More formally, relocations with addend are described by the Elf64_Rela structure :
typedef struct
{
Elf64_Addr r_offset; /* Address */
Elf64_Xword r_info; /* Relocation type and symbol index */
Elf64_Sxword r_addend; /* Addend */
} Elf64_Rela;
(r_info holds two informations in a single qword : the type of relocation on the 4 lower bytes, and the symbol index in the symbol table on the 4 most significant bytes).
When ld.so reads the relocation table, it iterates over the relocation entry and overwrites with a specific value depending on the type of relocation. As you will see later, only 3 types are of interest for us. In the following, S denotes the value of the symbol and A the addend.
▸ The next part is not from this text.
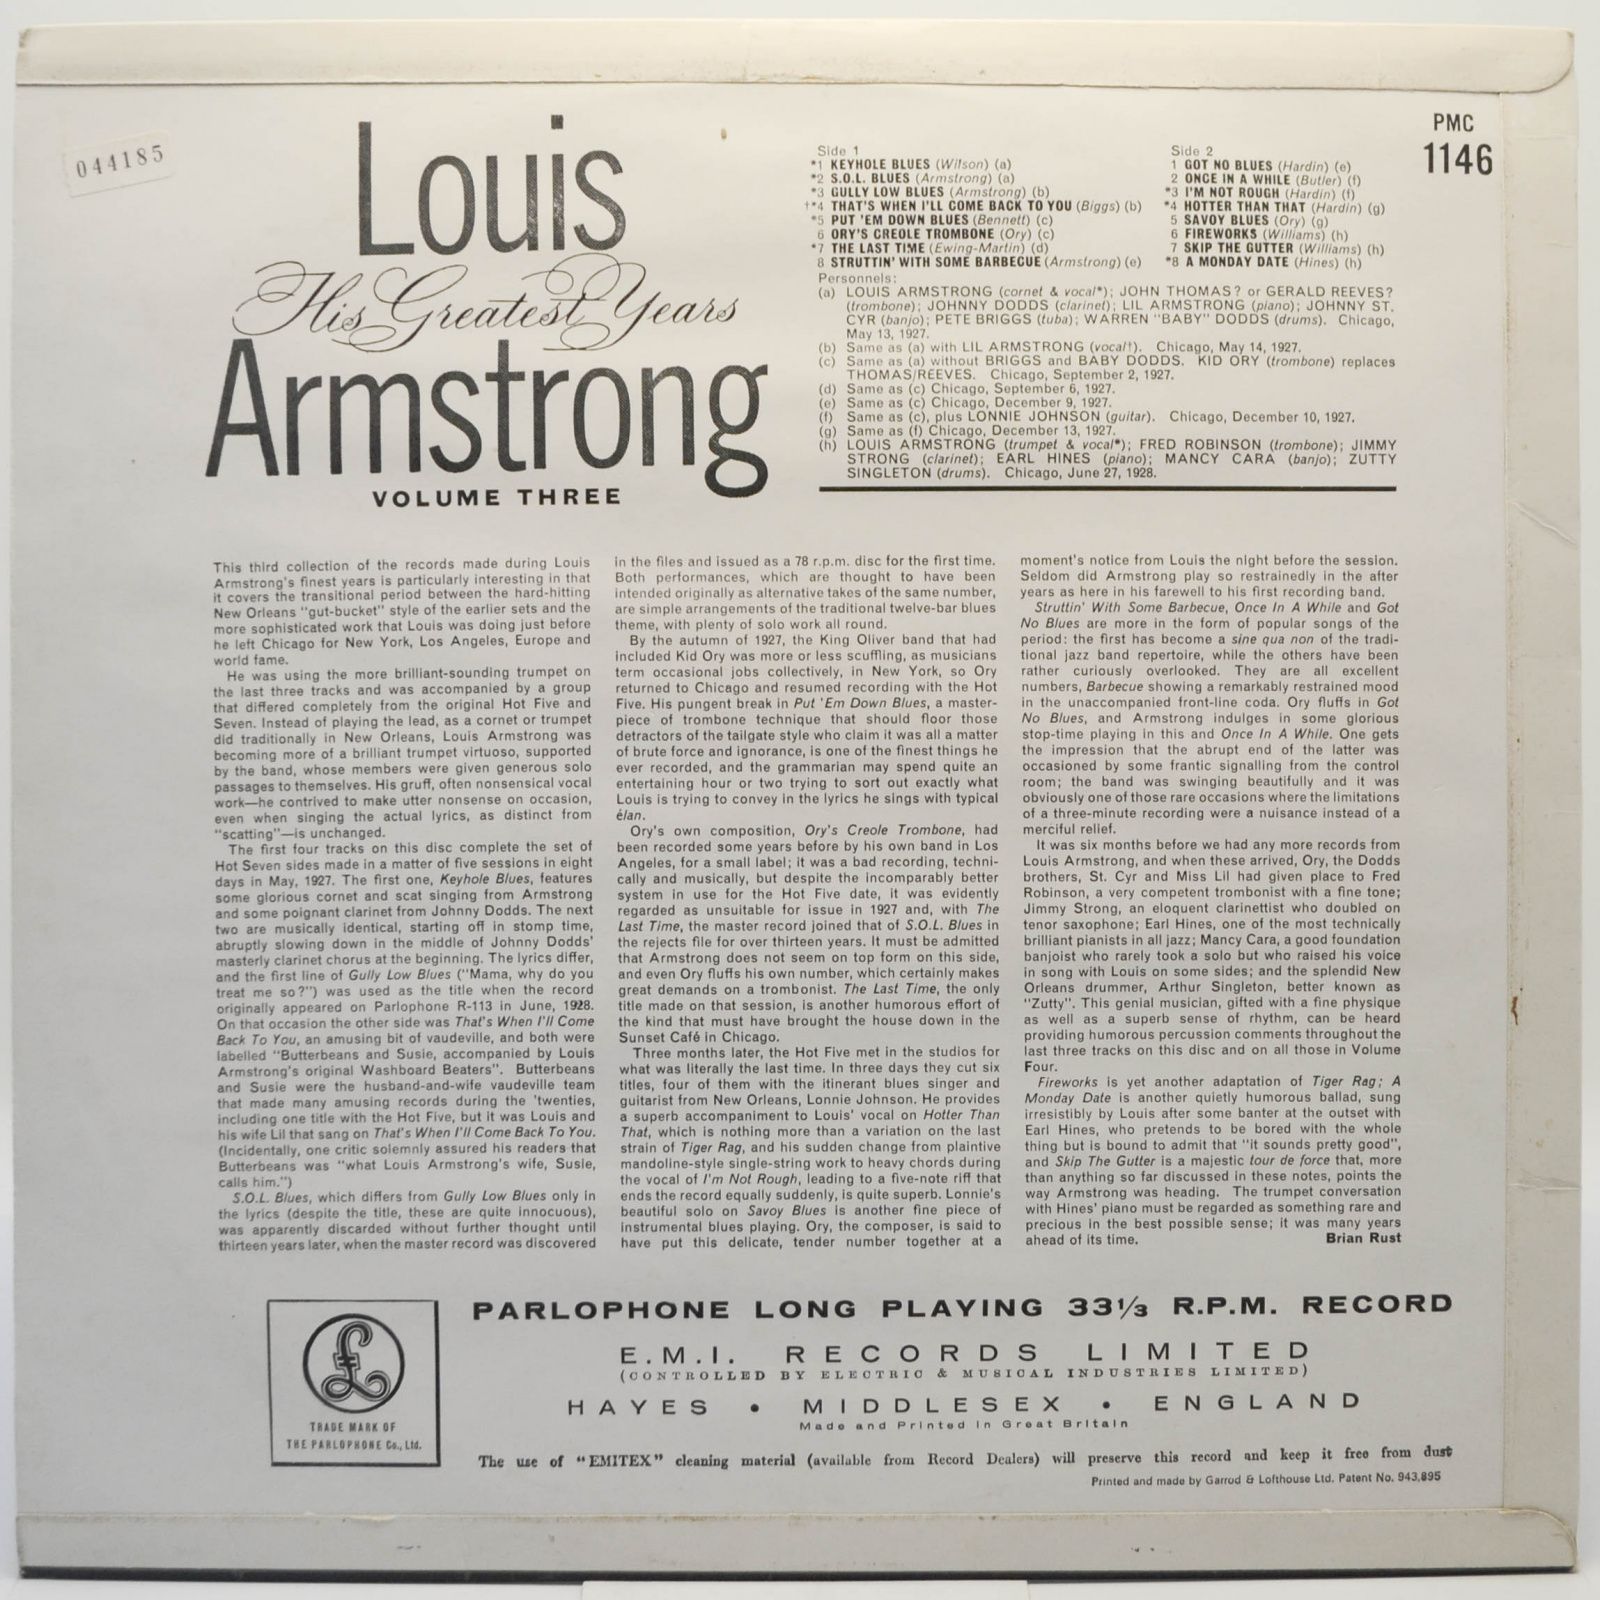 Louis Armstrong — His Greatest Years - Volume 3 (UK), 1961

R_X86_64_64(=1) : effectively doing alea [addr], [S+A]R_X86_64_COPY(=5) : effectively doing amov [addr], [S]R_X86_64_RELATIVE(=8) : effectively doing amov [addr], A
For more details, I found those two resources pretty useful : https://intezer.com/blog/malware-analysis/executable-and-linkable-format-101-part-3-relocations/ and https://docs.oracle.com/cd/E23824_01/html/819-0690/chapter6-54839.html.
Again, let’s use radare2 to dump the relocation table of the initial program.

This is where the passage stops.